Гуковский быстро подошел к одному знакомому и прошептал:

— У меня в номере на столе лежит рукопись книги о Гоголе. Возьмите ее и спрячьте.

Вот что было главное в жизни для этих людей. Он надеялся, вернувшись, продолжить труд. Но не получилось: вскоре он умер в лагере. Это одна из версий. Лихачев в своих «Воспоминаниях» пишет, что Гуковский был расстрелян.

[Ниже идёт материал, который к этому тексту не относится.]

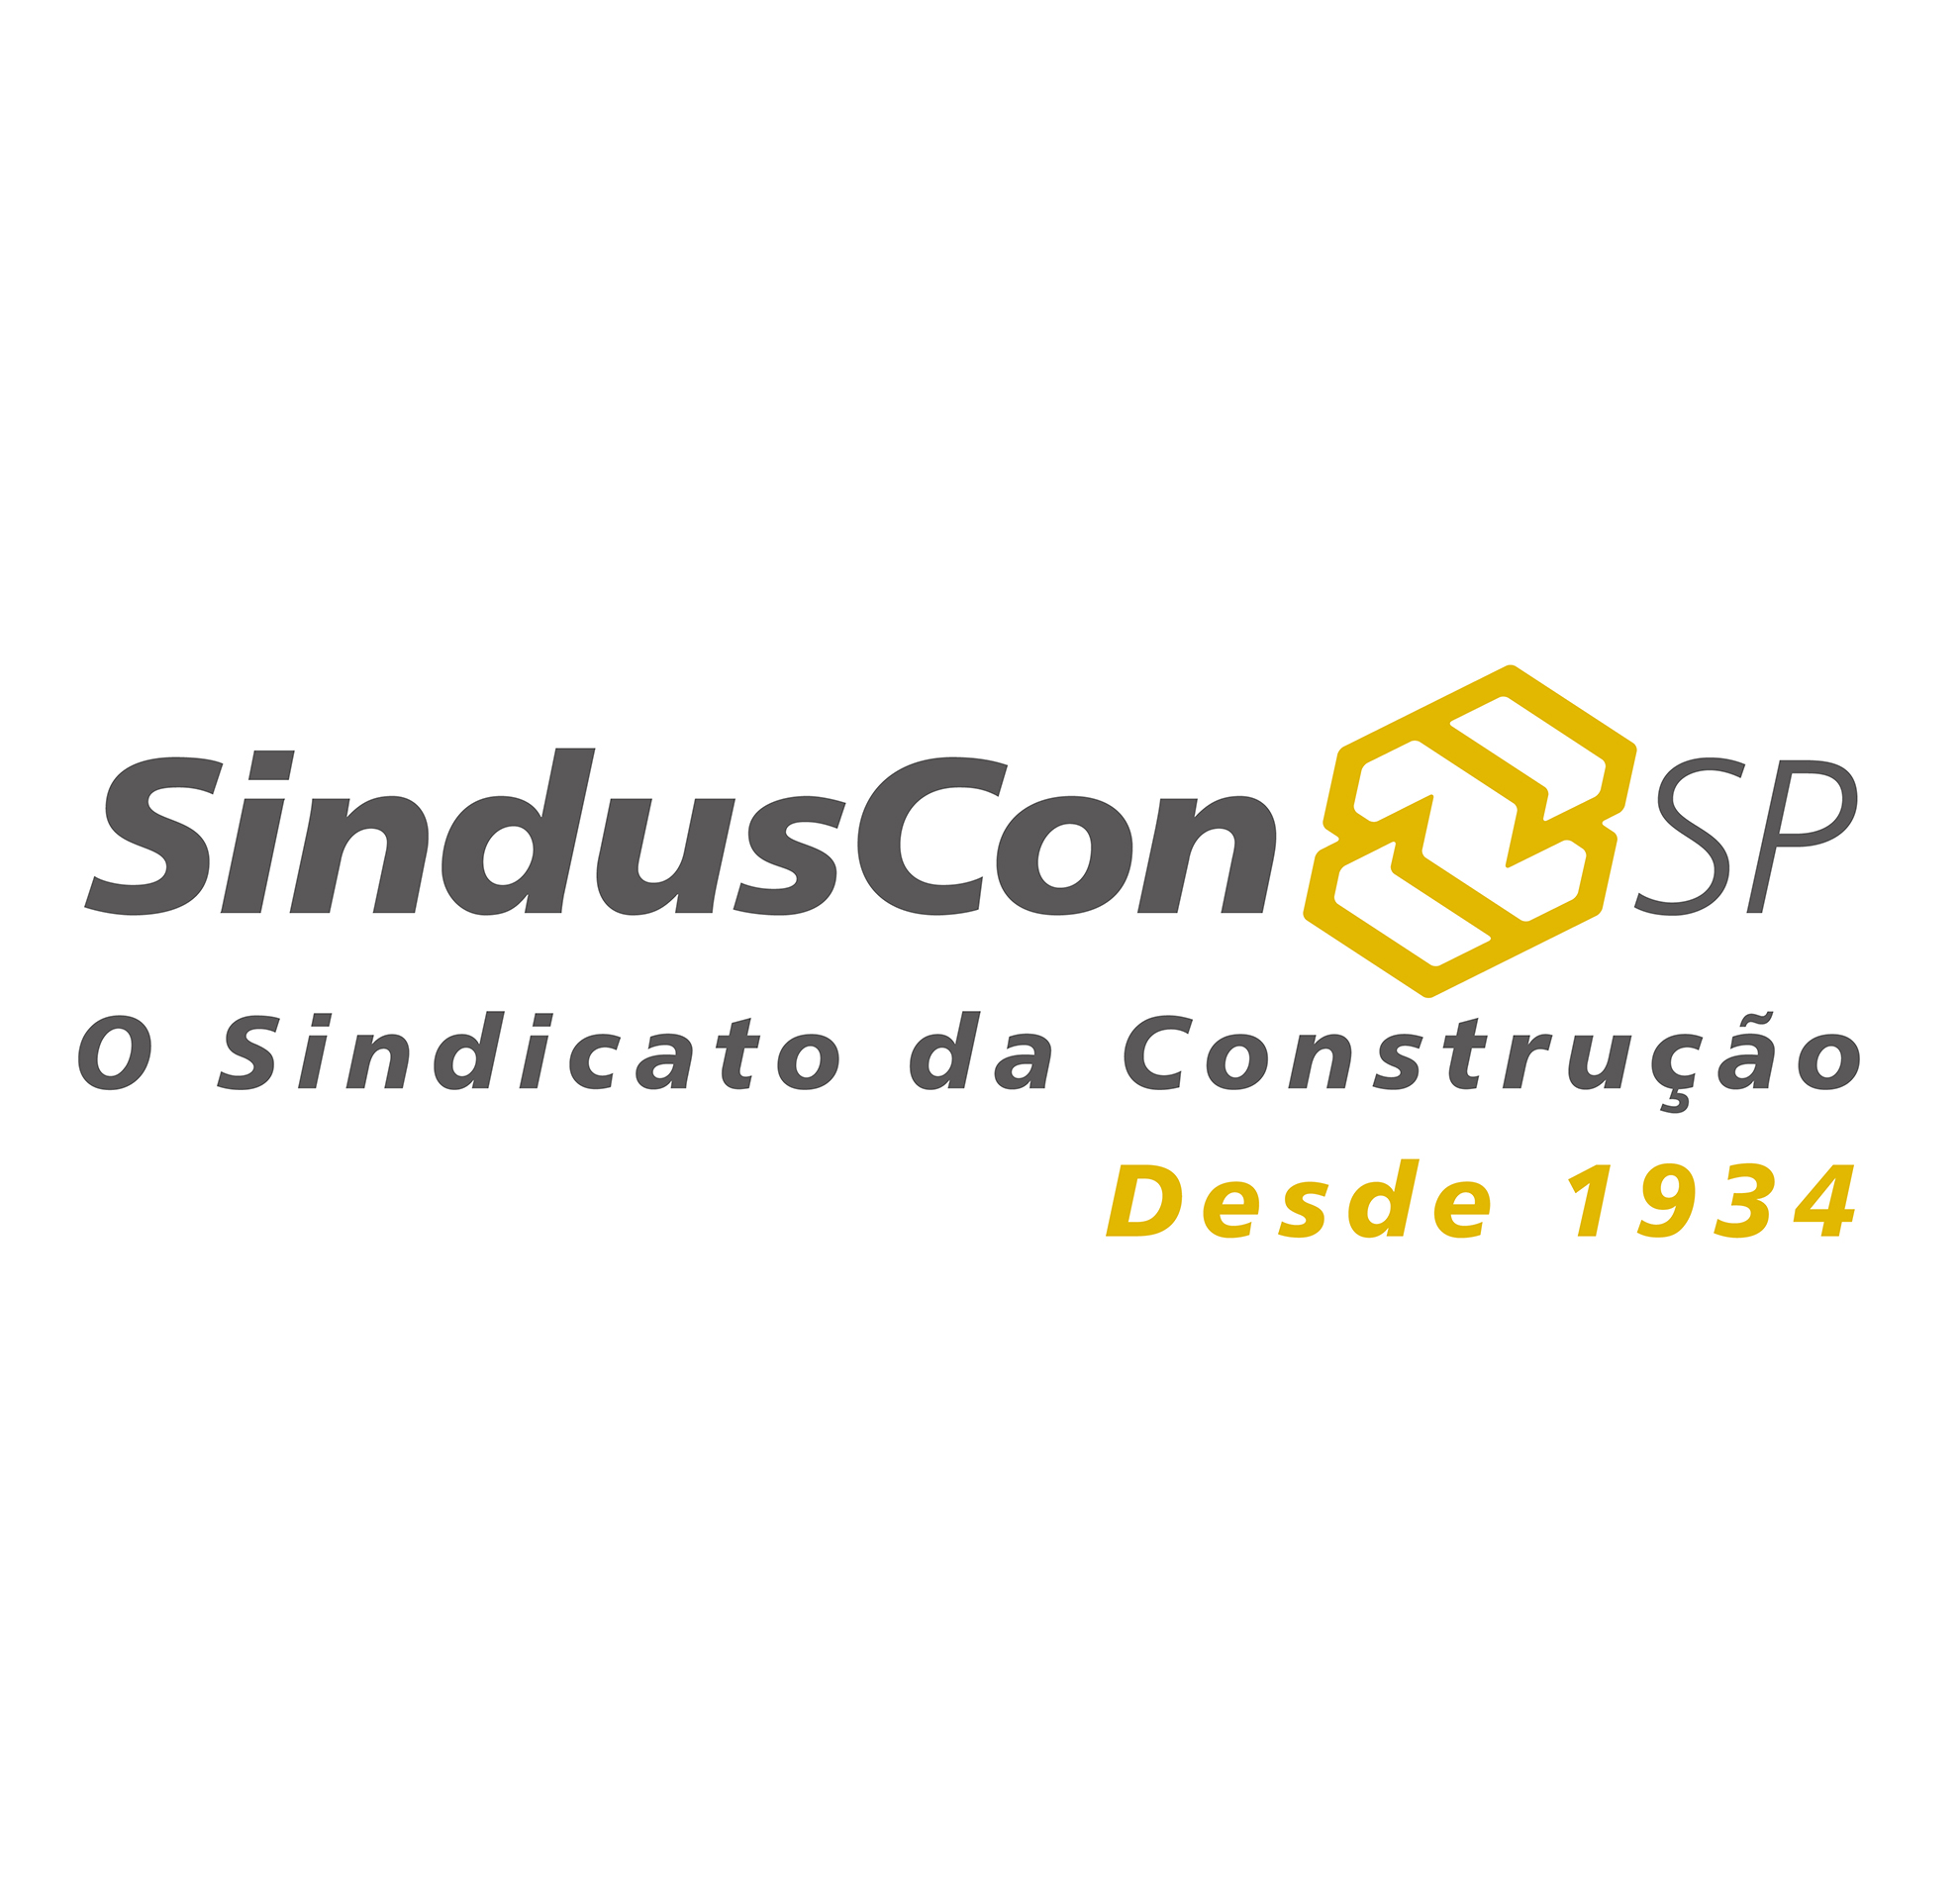 SindusCon-SP tem nova diretoria eleita para biÃªnio 2019-2020 - CBIC â€“  CÃ¢mara Brasileira da Industria da ConstruÃ§Ã£o
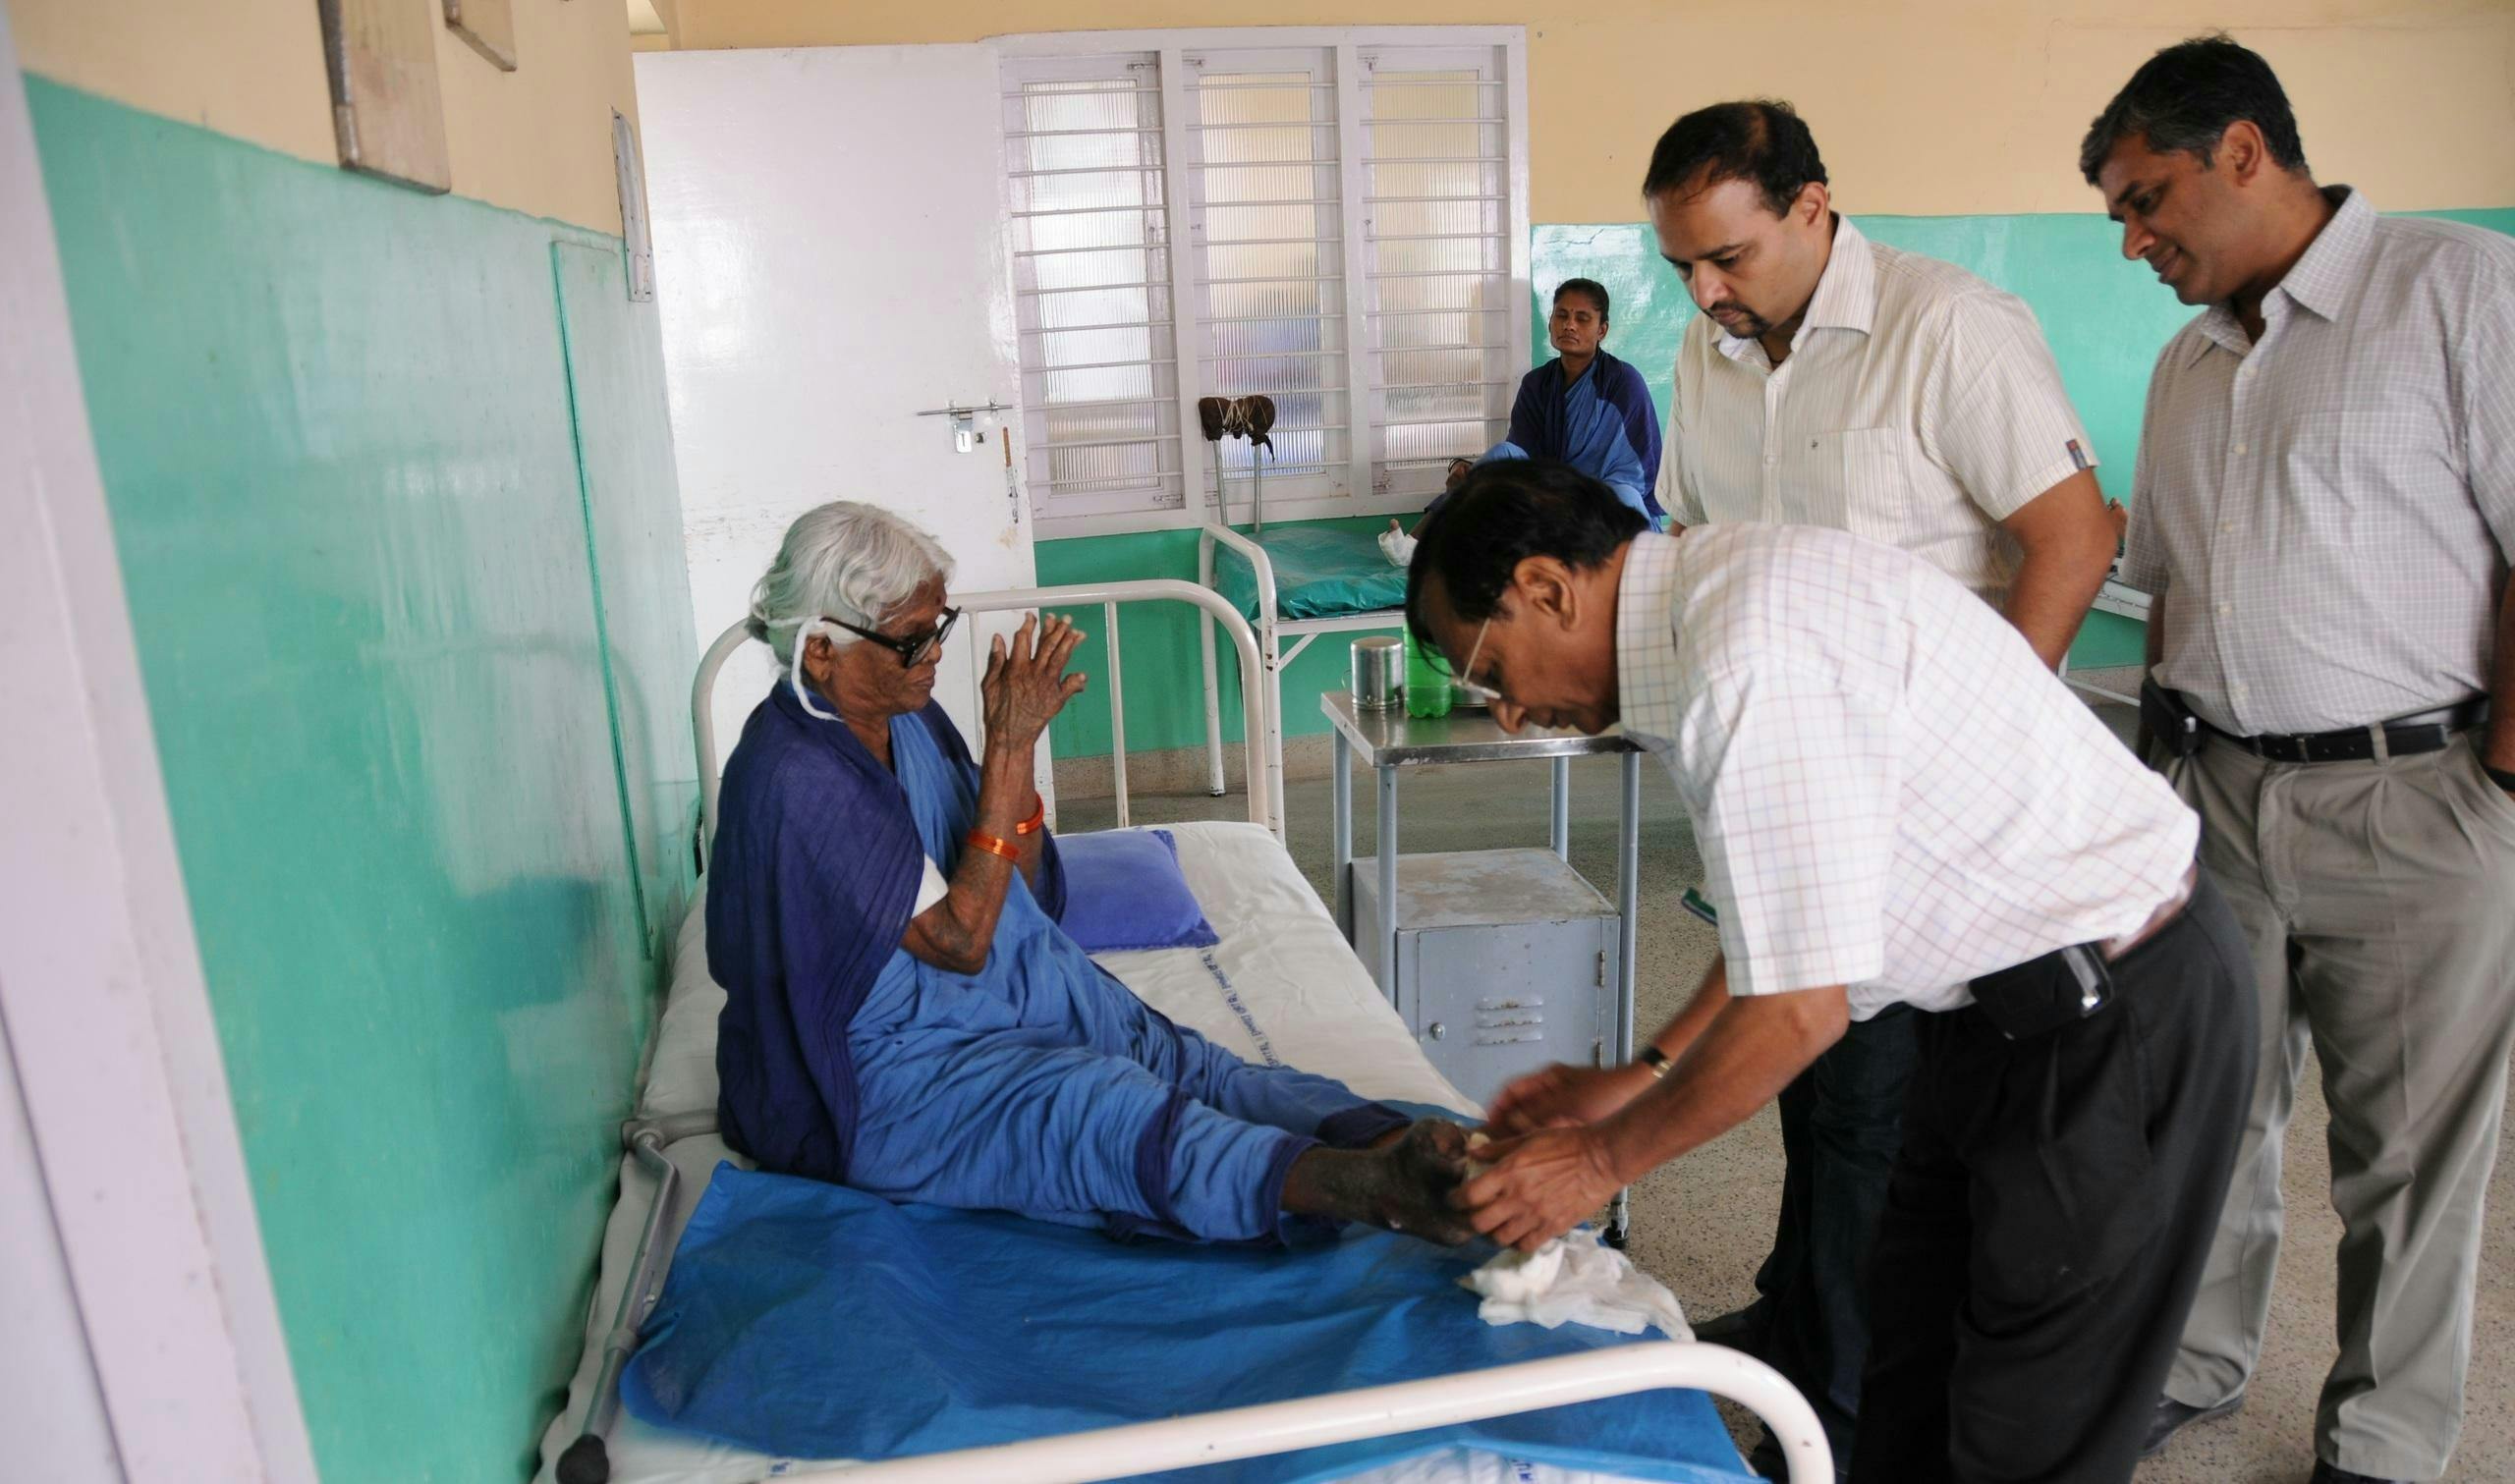 Une femme âgée est assise sur un lit d'hôpital dans un hôpital indien et joint ses mains. Un médecin examine son pied à la recherche de signes de lèpre. Deux hommes se tiennent derrière et observent.

Порой возникает недоумение: что за арест, за что, и почему так срочно — в отпуске, на пляже? У этого ведомства свои тайны. Впрочем, истоки некоторых тайн можно разгадать. Знающие люди говорят, что как раз перед арестом в органы пришли два доноса, от коллег Гуковского. Фамилии их начинаются на «П» и «Е». Мой старый знакомый, выпускник университета тех лет, назвал мне эти буквы, но отказался их расшифровывать: у них есть дети и внуки… Руководствовались те люди, конечно, не «политической бдительностью», а страхом, а также желанием убрать из науки больших ученых и таким образом чуть-чуть подняться самим.

Дочь Гуковского Наташа, которую я хорошо знал, гордилась своим отцом, ушедшим из жизни в 47 лет. После ареста Александра Гуковского (а также его брата Михаила) в деревянный домик Гуковских на 15-й линии Васильевского острова пришли многие — выразить сочувствие и поддержать дочь, причем некоторые — впервые. Люди уже набирались смелости, начинали говорить, что считали нужным… Зато некоторые из старых друзей, наоборот, забыли сюда дорогу.

Наташа Гуковская, как и все дети арестованных, была под угрозой. Спасение пришло от другой замечательной профессорской семьи. Костя Долинин, сын профессора и сам будущий профессор, женился на Наташе Гуковской, спасая ее, надеясь, что членов еще одной профессорской семьи, знаменитых Долининых, трогать не станут: и у злодеев, наверное, есть какие-то свои ограничения, обозначенные пределы. Наташу спасли. Самое меньшее, что ей грозило — высылка из города. А теперь она уже была членом семьи Долининых. Прежде Костю и Наташу связывали лишь дружеские чувства, но благородный порыв Кости был оценен Наташей по достоинству: семья получилась хорошая. Родились близнецы Юра и Таня. В октябре их привезли в дедовский дом, который не дожил до рождения внуков полгода.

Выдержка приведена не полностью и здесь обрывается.